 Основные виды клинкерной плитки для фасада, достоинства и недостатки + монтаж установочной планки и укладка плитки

---

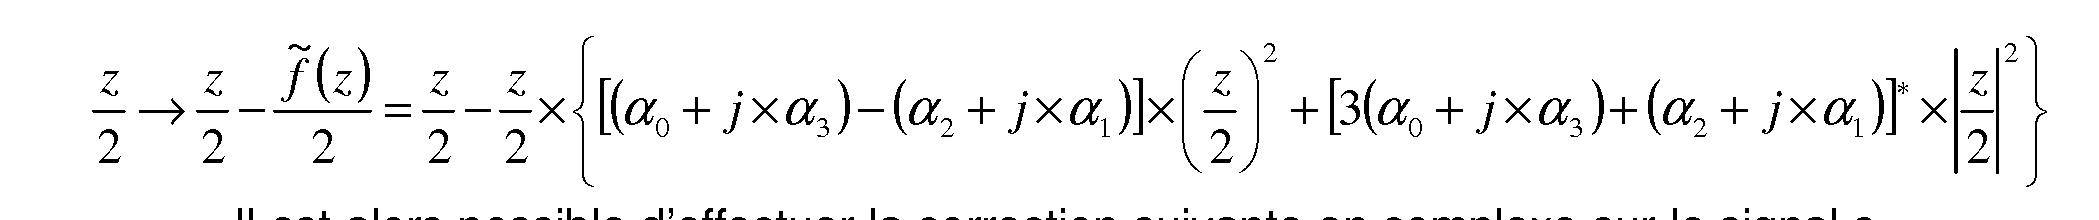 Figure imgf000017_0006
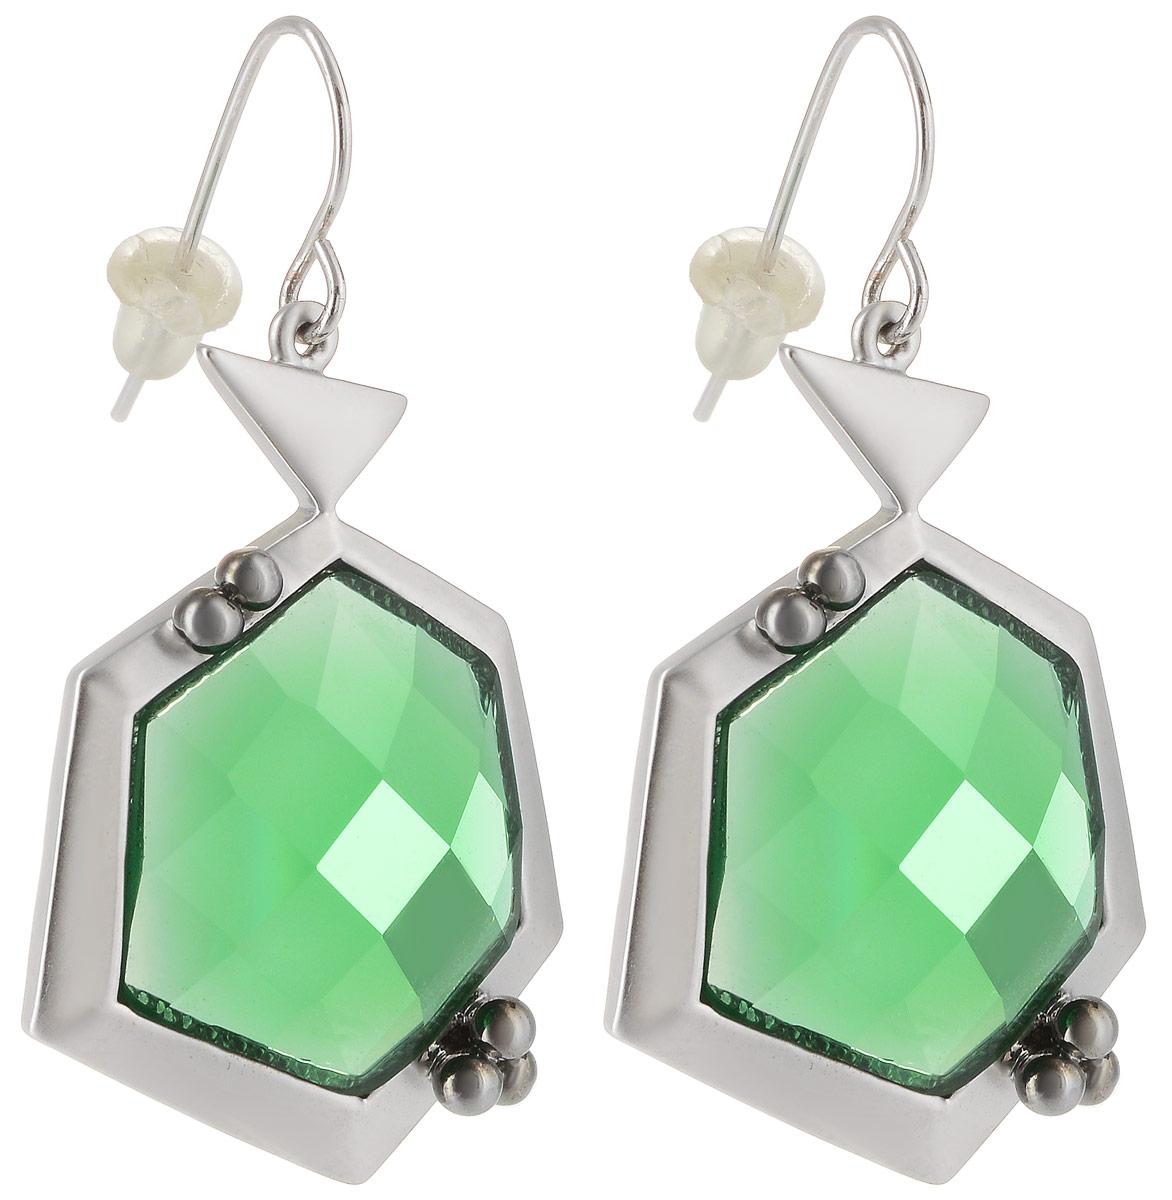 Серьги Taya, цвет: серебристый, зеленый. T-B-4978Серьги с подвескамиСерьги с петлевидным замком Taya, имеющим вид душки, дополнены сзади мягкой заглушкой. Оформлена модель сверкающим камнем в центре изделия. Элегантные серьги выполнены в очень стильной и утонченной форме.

--

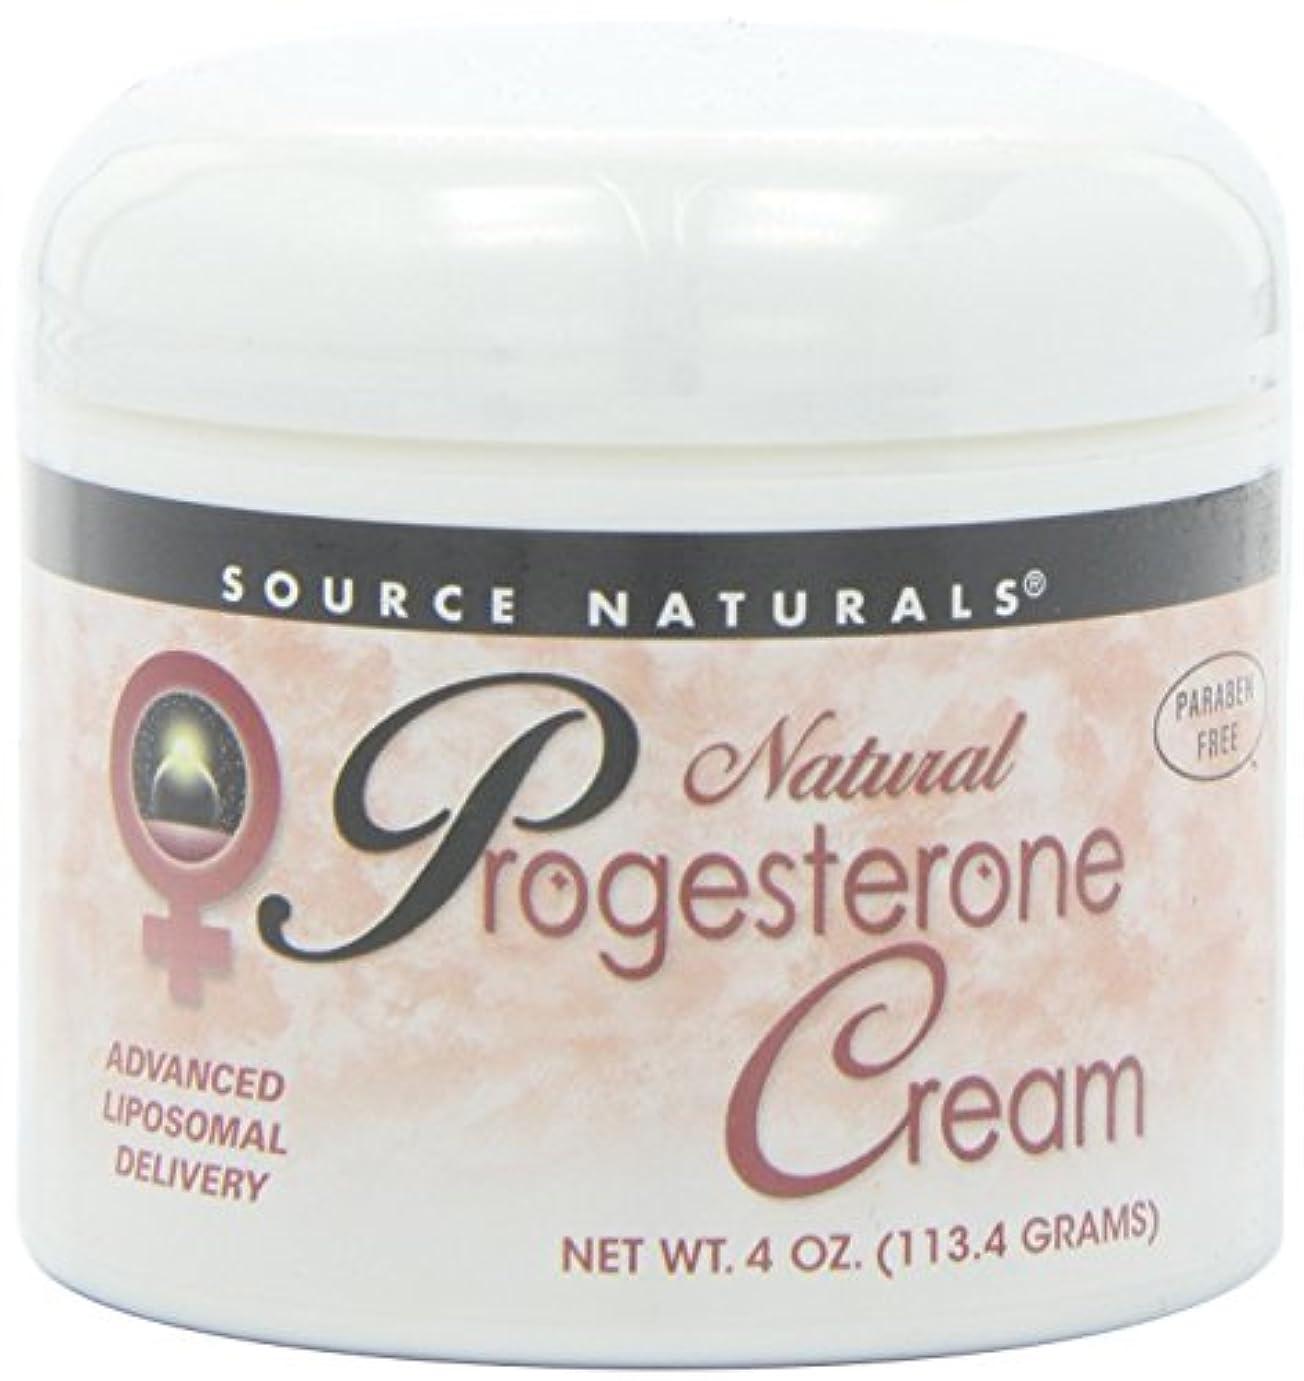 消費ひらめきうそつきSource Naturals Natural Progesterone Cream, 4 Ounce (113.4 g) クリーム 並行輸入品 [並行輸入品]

* _TASK INSTRUCTIONS_: From the records above, write out exactly the lines that begin at the line with "Figure imgf000017_0006" and end at the line with "Серьги Taya, цвет: серебристый, зеленый.". Pictures must not appear in the output.

* _RESPONSE_:
 Figure imgf000017_0006
 Серьги Taya, цвет: серебристый, зеленый. T-B-4978Серьги с подвескамиСерьги с петлевидным замком Taya, имеющим вид душки, дополнены сзади мягкой заглушкой. Оформлена модель сверкающим камнем в центре изделия. Элегантные серьги выполнены в очень стильной и утонченной форме.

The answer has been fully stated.